Рота построена. Выходим на улицу, на мороз. Город спит — притихший, настороженный. Ни огонька. В сорок первом Горький бомбили. Вблизи него важный объект — автозавод. Сейчас там танки делают. Скорее бы на фронт! На фронтовиков все смотрят с уважением. «Фронтовик Саблин прибыл в ваше распоряжение!» — скажу я Зое, когда мы встретимся. А встретимся мы, судя по всему, уже после войны. Скорей бы она кончалась!
Скрипит под ногами снег. Хлебом потянуло. Скоро пекарня. Мы часто проходим мимо нее, и каждый раз я вспоминаю пекарню на Шаболовке, дом родной и все прочее, что можно назвать прежней жизнью.
Здешняя пекарня похожа на амбар. Около нее стоят клячи с выпирающими боками. На санках — фанерные фургоны. Людей не видно. Хлебовозы, наверное, в тепле сидят: на улице градусов тридцать, если не больше. Я вдыхаю запах свежеиспеченного хлеба и думаю: «Все пекут и пекут, а его не хватает. Наверное, потому, что из этого хлеба сухари делают и на фронт отправляют».
— Строевым! — командует старшина.
Рота печатает шаг. Дорога знакомая: поворот, еще и — плац. Помаршируем минут сорок — и назад, в казарму, досыпать. Без учебных тревог, видать, не обойтись — они в солдатской жизни что-то вроде букваря…
Начальство ушло, и я снова дневалю. Ярчук по-прежнему не спит. Мне слышно, как он вздыхает, заглушая солдатский храп, бормотание и прочие звуки. Спит рота трудно, тяжело. Ребята стаскивают друг с друга одеяла (в казарме прохладно), скребутся, вспоминают кого-то непотребными словами, заново переживают нелегкий солдатский день.

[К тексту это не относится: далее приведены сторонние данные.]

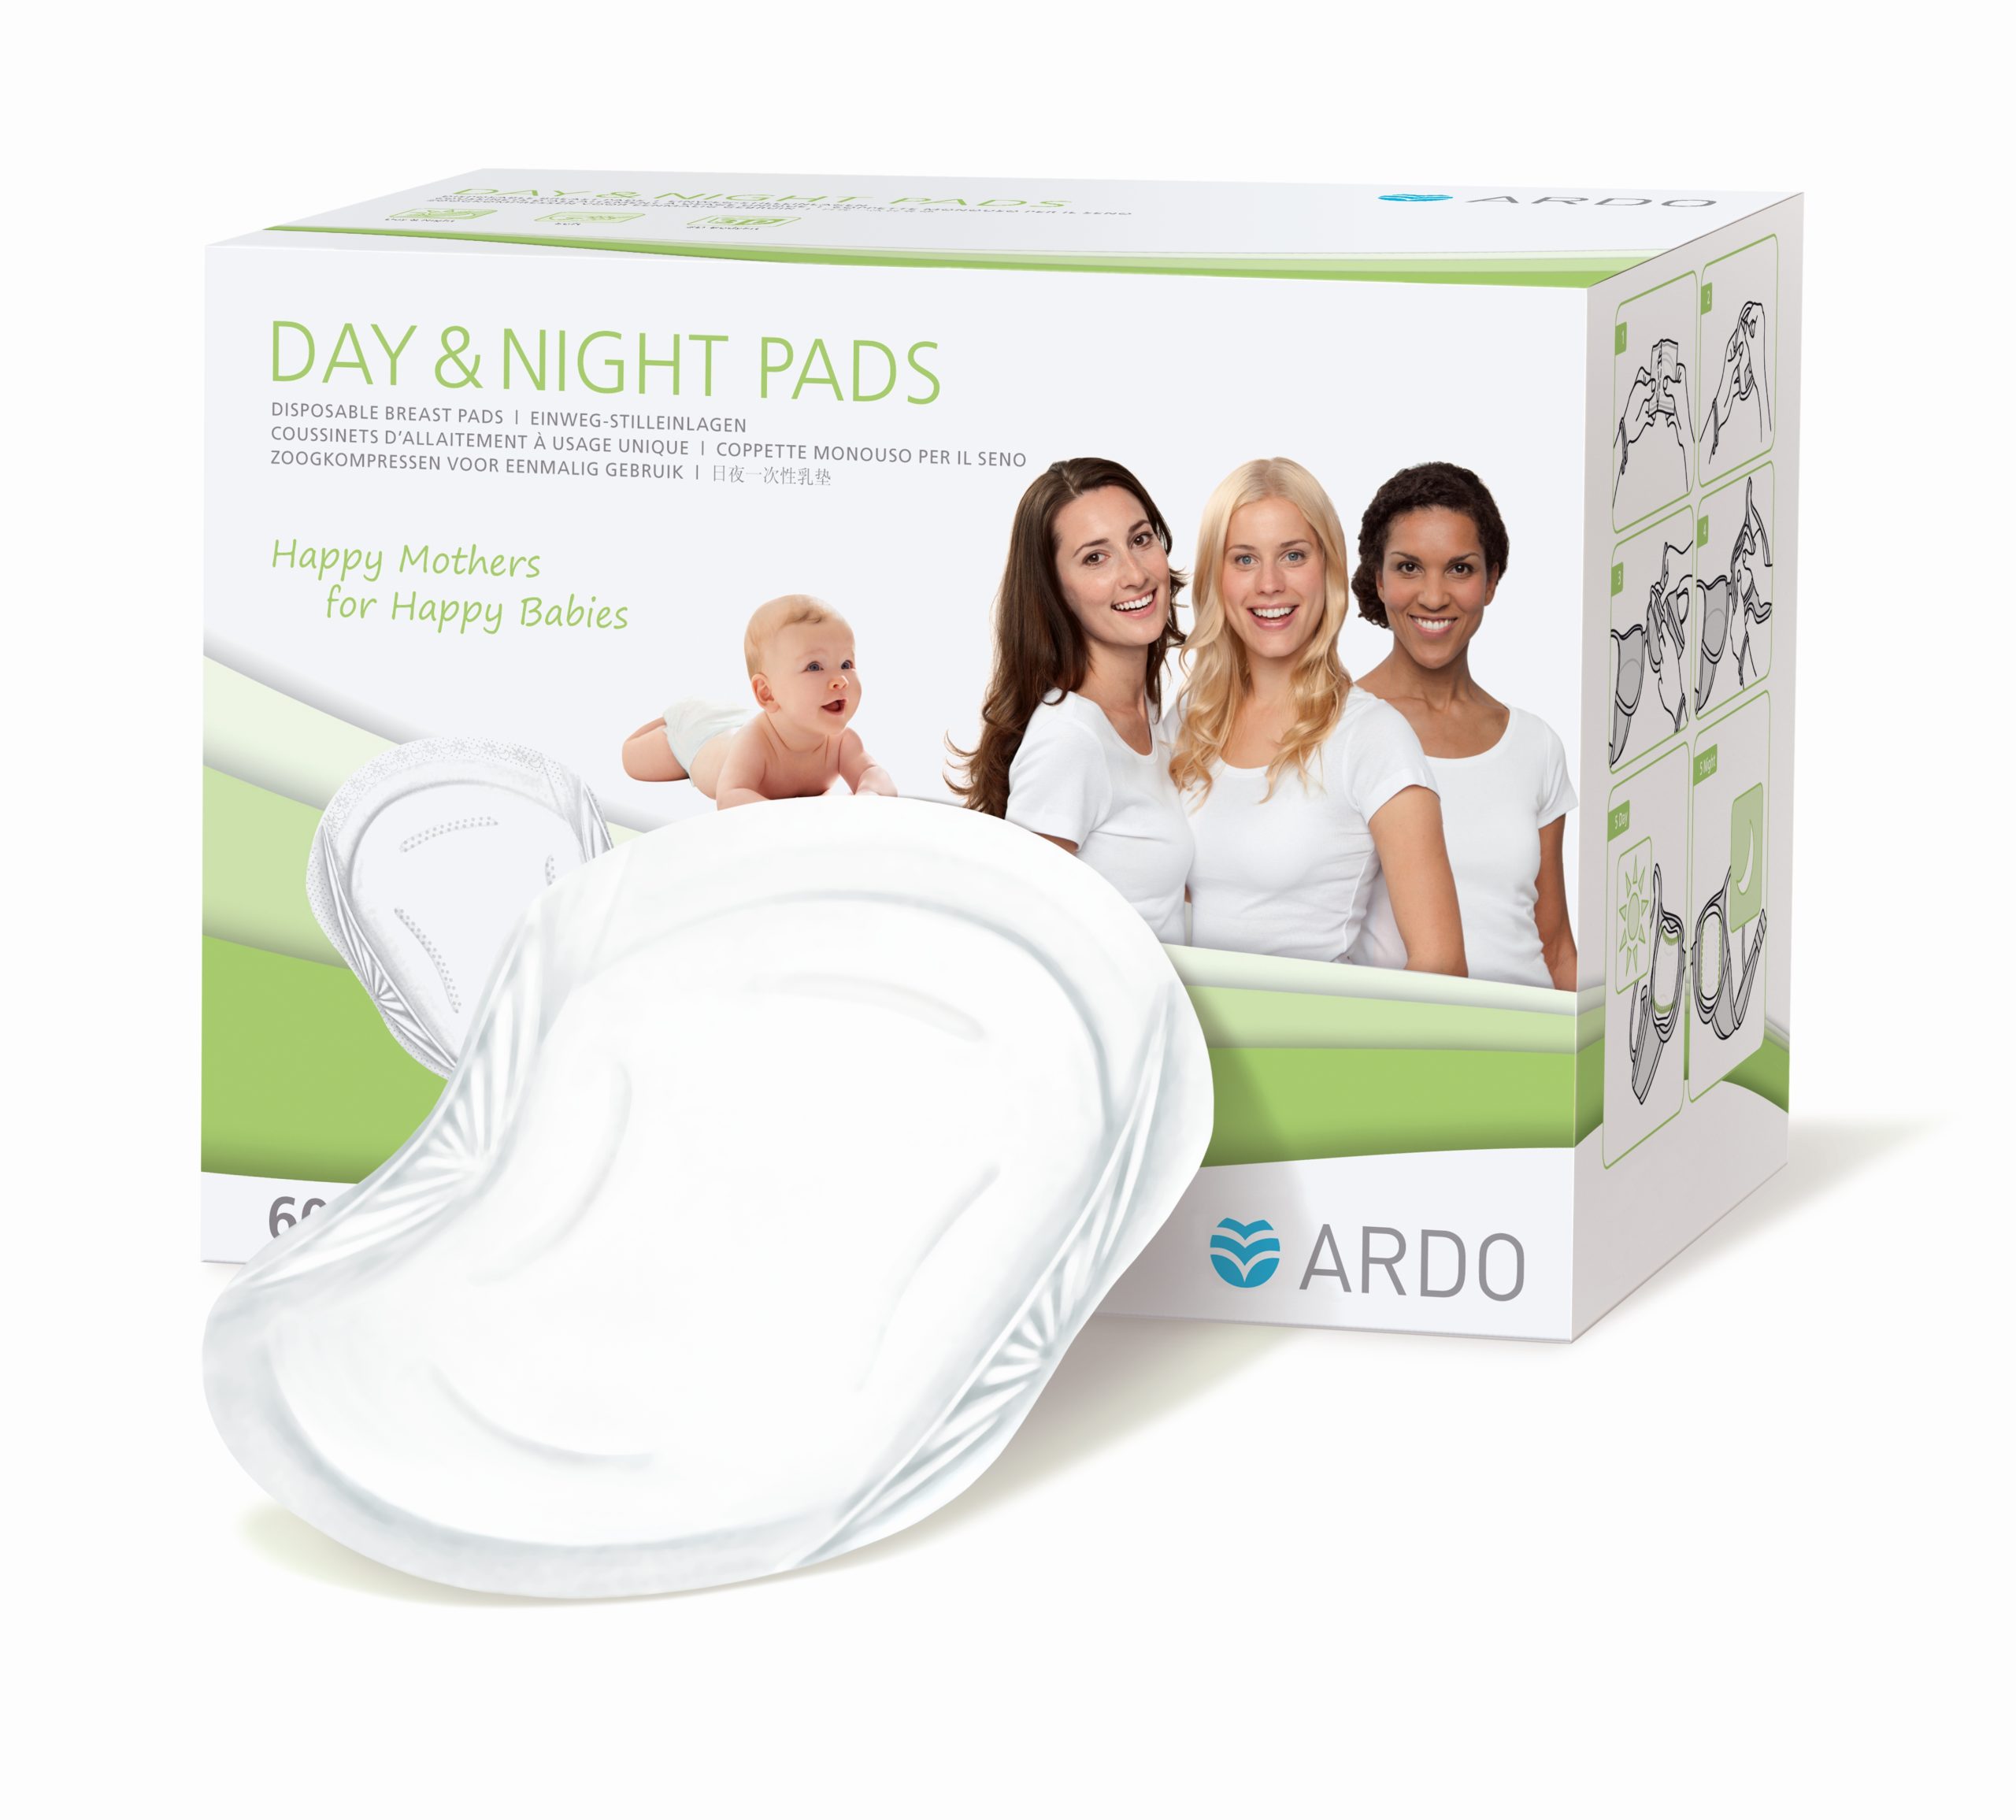 Ardo Day & Night Pads, Breast Pads for Breastfeeding, Ultra Absorbent, Help  Prevent Leakage (60 Disposable Nursing Pads, Individually Wrapped)

Витька Ивлев — тот самый парень, который стрельнул нахальным взглядом в Зою, — попросил меня разбудить его часика через три.
— Только обязательно, — пробормотал Витька, и в его глазах появилась тревога.
Пора будить Ивлева. Он спит на спине, оттопырив нижнюю губу.
— Витьк… Витька…
Ивлев садится, раскачивается, словно ванька-встанька. Ошалело смотрит на меня. Бормочет что-то: не то благодарит, не то ругает.
— Витьк… Витька…
Он шарит босыми ногами по полу, находит ощупью бутсы, сует в них, словно в шлепанцы, ноги и мчится в уборную.
Паркин спит, как фон-барон, заняв весь матрац, спихнув на «чужую территорию» своего соседа — Ивлева. Они каждый день ссорятся.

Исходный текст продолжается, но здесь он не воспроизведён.